Data for processing:
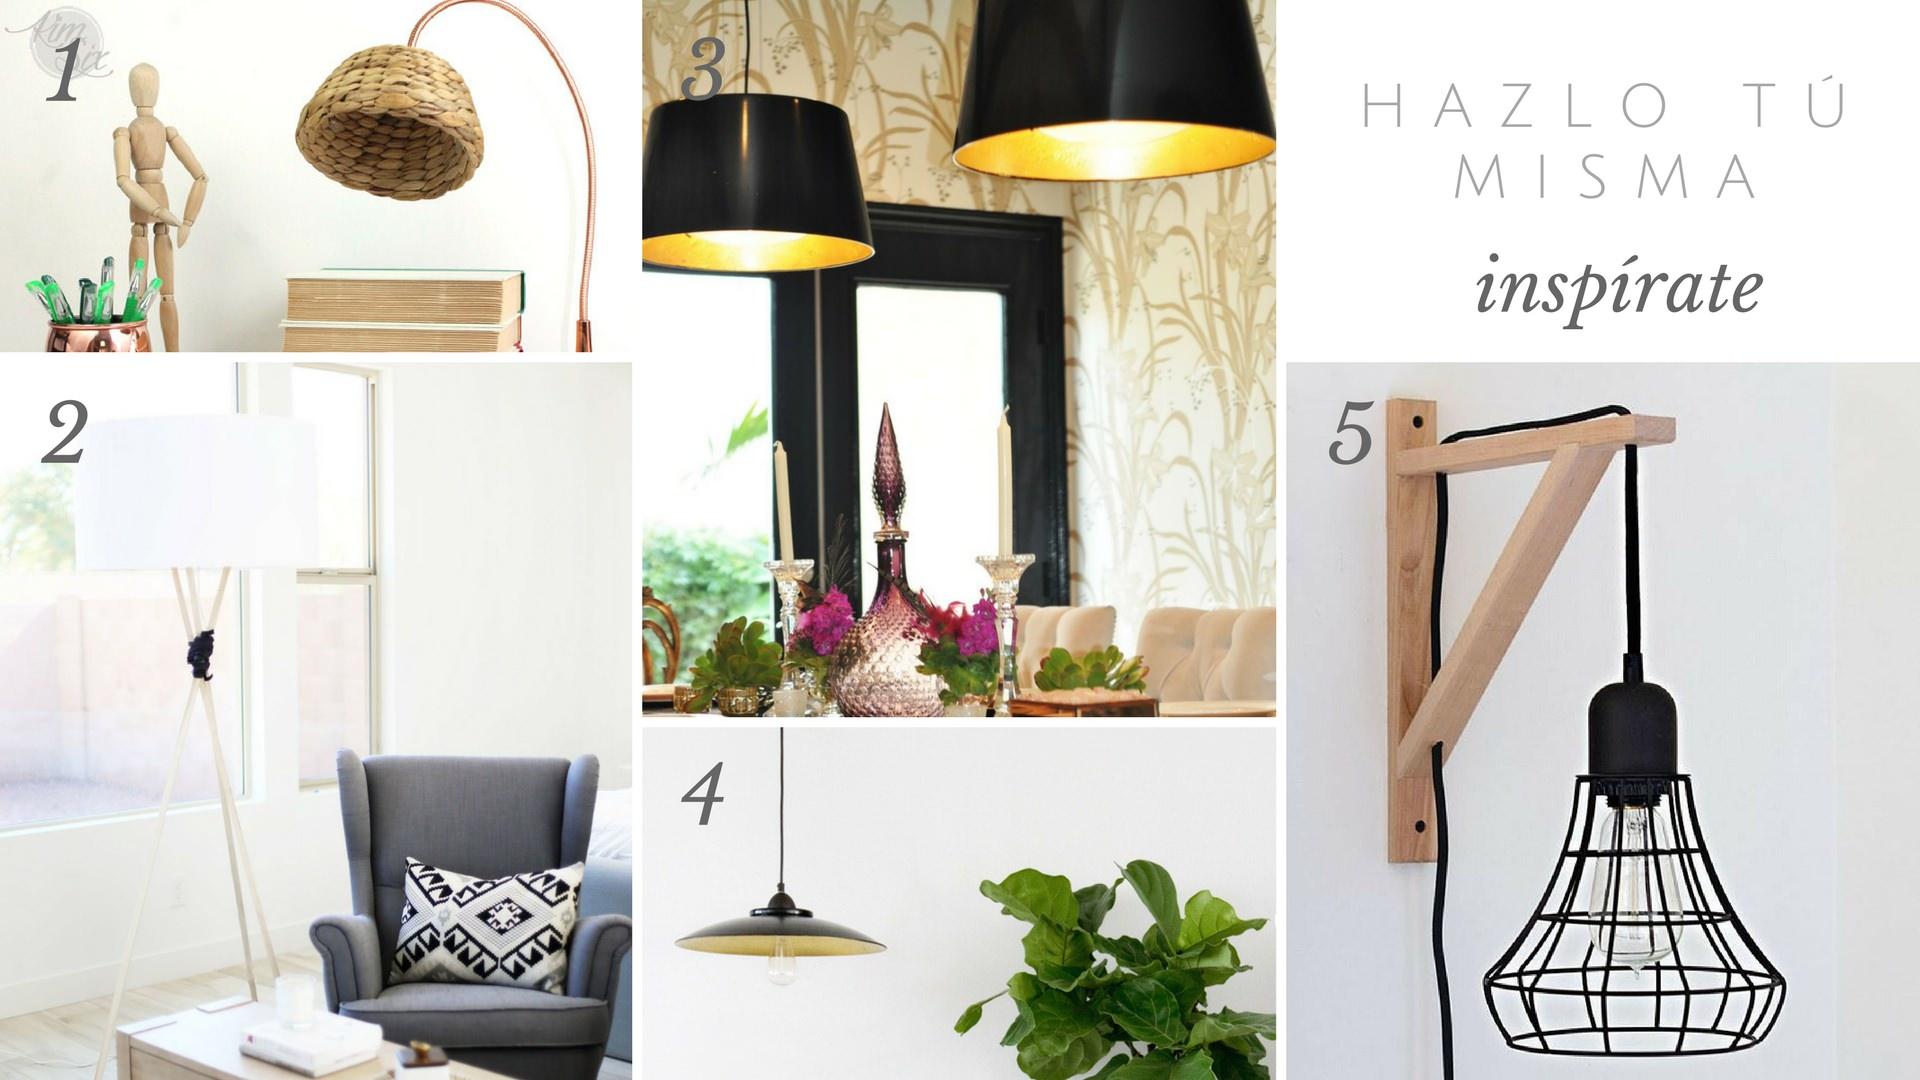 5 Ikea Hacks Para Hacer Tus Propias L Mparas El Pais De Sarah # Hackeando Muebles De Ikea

...

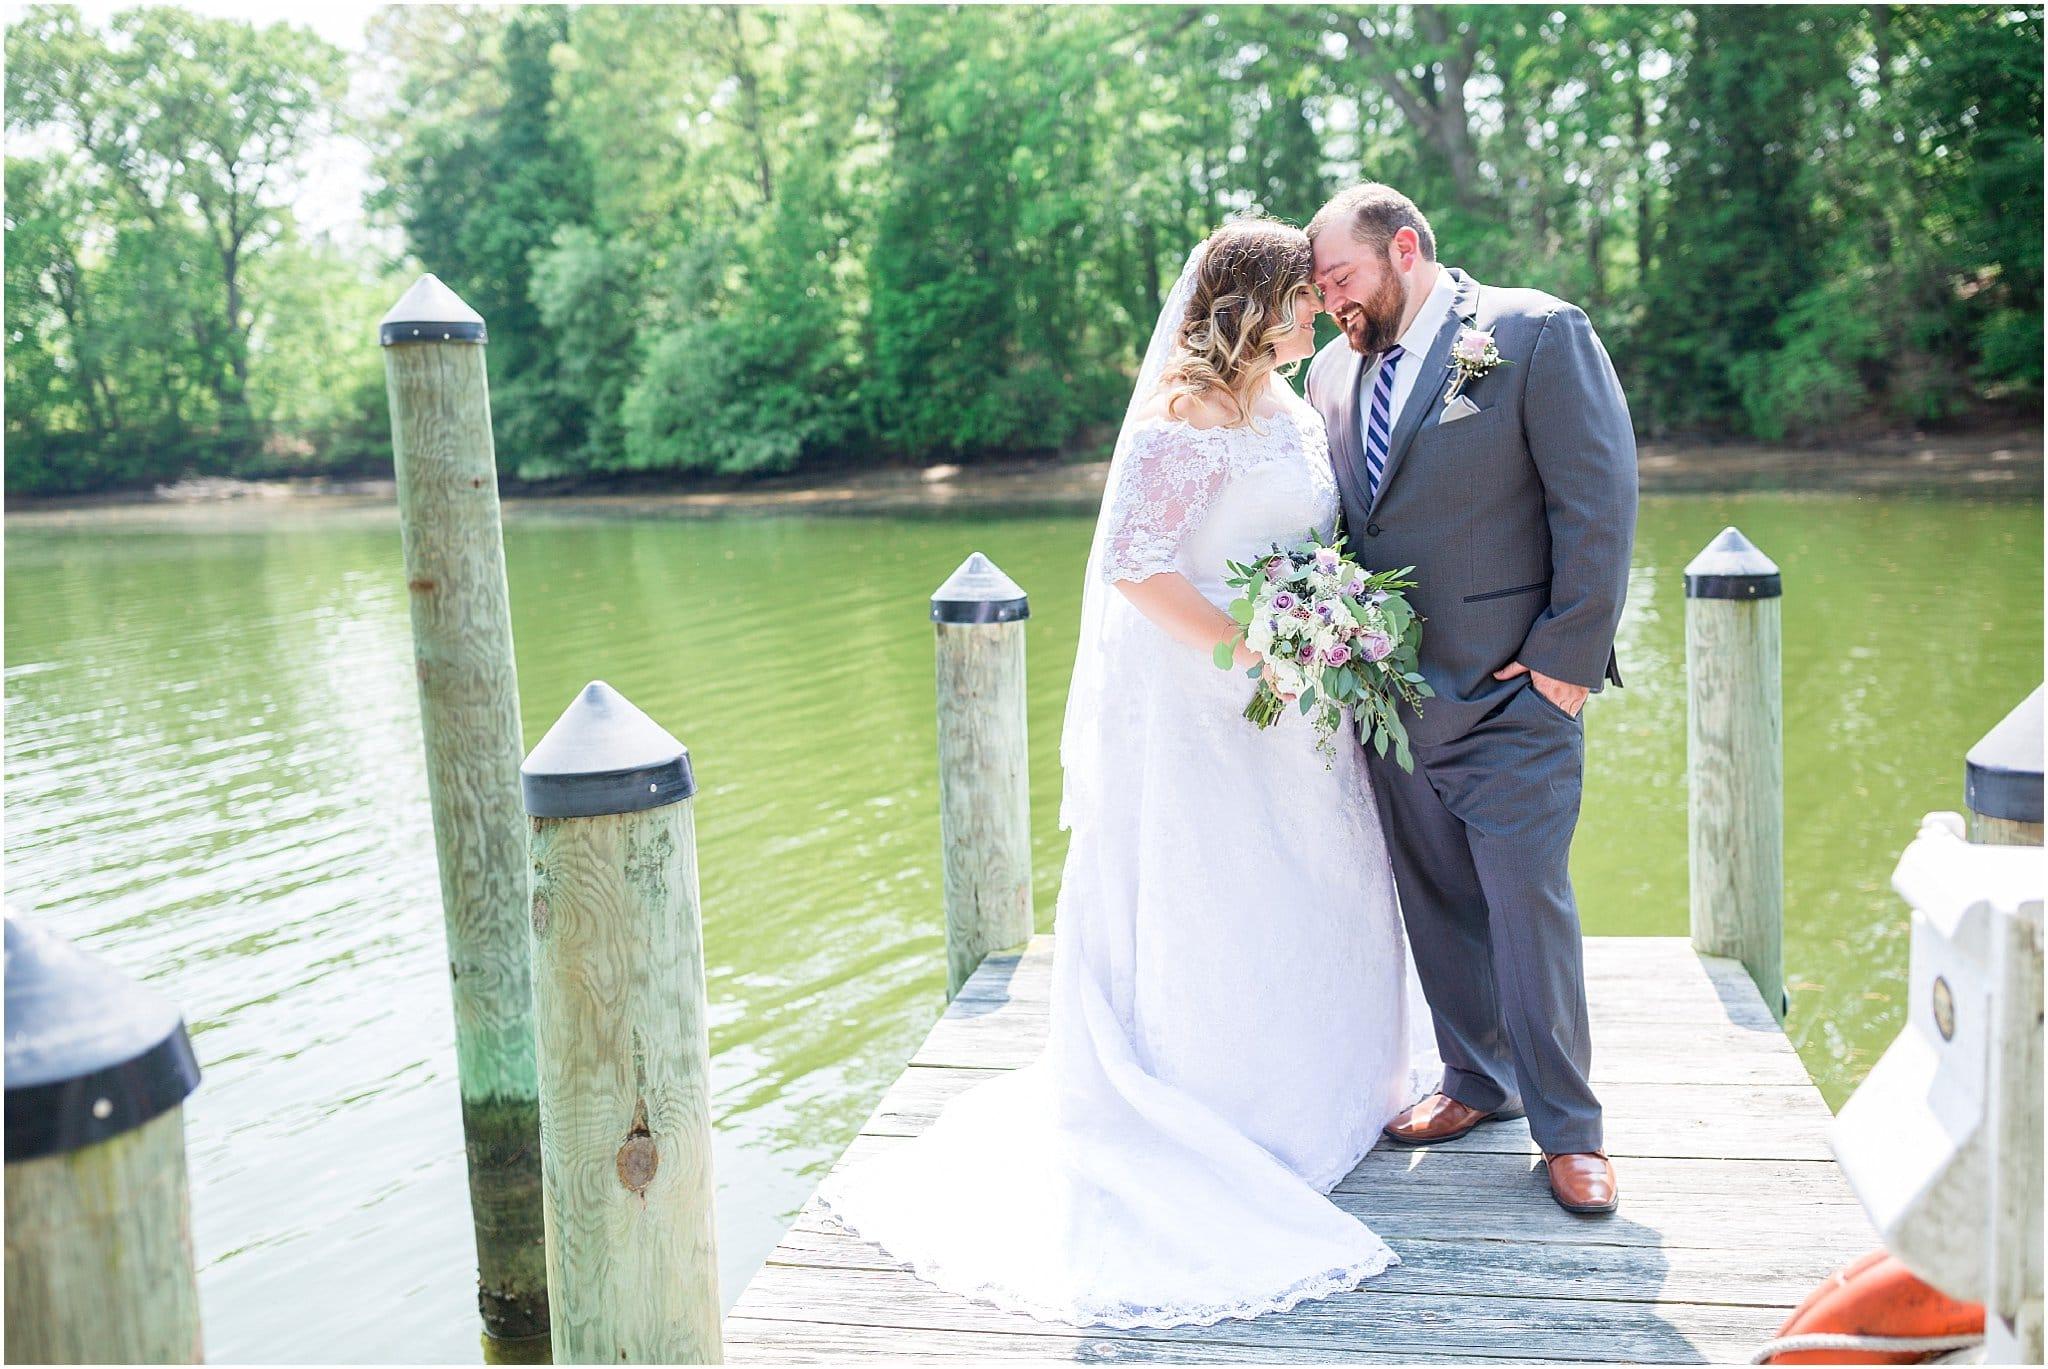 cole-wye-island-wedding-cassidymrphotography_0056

--

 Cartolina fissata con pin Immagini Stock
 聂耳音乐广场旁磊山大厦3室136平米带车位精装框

Exercise objective: Among the lines above, find the one with "Cartolina fissata con pin Immagini Stock" and the one with "聂耳音乐广场旁磊山大厦3室136平米带车位精装框". Quote both and everything between them, exactly.

Reply to the task:
 Cartolina fissata con pin Immagini Stock
 聂耳音乐广场旁磊山大厦3室136平米带车位精装框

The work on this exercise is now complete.